Well sounds like you guys are looking for some data:
- I used a draftrite pocket gauge to measure draft - no manometer
- The firebox measures 14" across 12" front to back and 4 1/2" deep
- It takes a bucket of coal about 25 lbs
- The fire bricks cover the edges so the grates take up the whole bottom
- Turns out the chimney is Duratech with a ceramic refractory 7 inch- is likely ok
- The interior pipe is double wall Selkirk dsp 6 inch
- I drilled a hole under the baro for the draft gauge - it's kept plugged with a bolt
- I have a magnetic flue thermometer under the baro as well
It sounds to me like you are doing everything correctly. Your fire is progressing as should be expected when you first light and fill. As I suspected, your firebox is small and shallow ( my Hitzer 30-95 firebox is 9" from the grates to the top of the firebricks). That seems to be a common drawback to stoves that are designed for wood or coal. It takes me an hour to get a coal fire lit and the coal burning to the top of the pile. Coal burns hot, but by no means gives off instant heat. This slow warm up and time consuming start up are two reasons most of the guys and gals on this forum attempt to keep thier fires burning for the entire heating season. Sometime when you can be home for 2 or 3 days, try keeping a fire going with the stove body temps about 400* and the stove pipe temp will probably be arround the 200* you have had. I think you will find that your stove will be reaching about all the output it has in it without pushing the operating temps beyond what you may want to do on a continuous basis. The real answer is that to heat a house, even a small one, and not have to stoke the fire every few hours, you will need a larger stove.

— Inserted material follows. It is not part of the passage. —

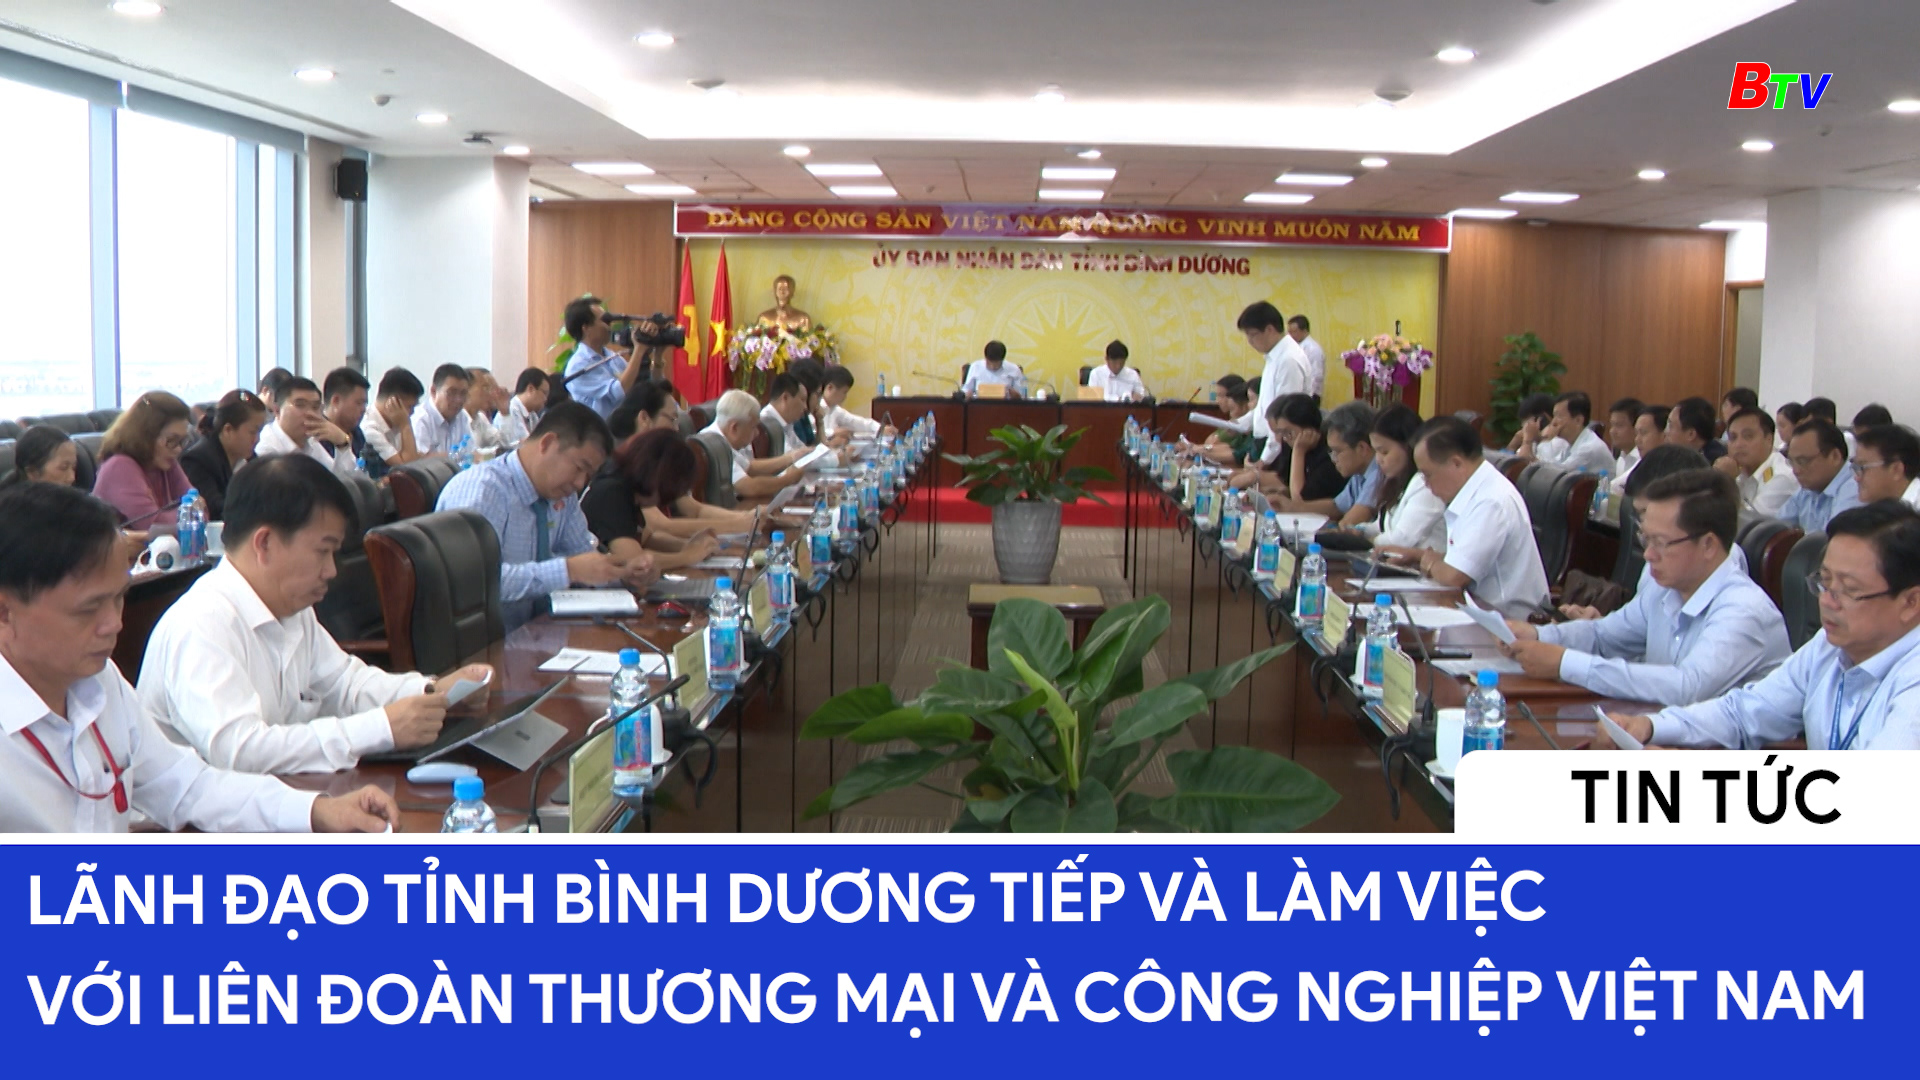 Lãnh đạo tỉnh Bình Dương tiếp và làm việc với liên đoàn Thương mại và công nghiệp Việt Nam

There are a few things you can do to extend the burn time of your fire. 1) Try pea size coal. 2) Fill the firebox to the bottom of the load door, then, if the firebricks are higher than that on the sides and back, "bank" the fire by adding additional coal up to the top of the bricks in the back, sloping down to the load door level at the front. If the bricks are not higher than the load door bottom you may try adding another course of bricks laid on their sides allong the back and sides of the firebox. If these suggestions for greater coal capacity are not practical for you, at least mound the coal up in the middle as much as you can.
Perhaps others will have additional ideas that will help you get the performance out of your stove that you would like. Best of luck.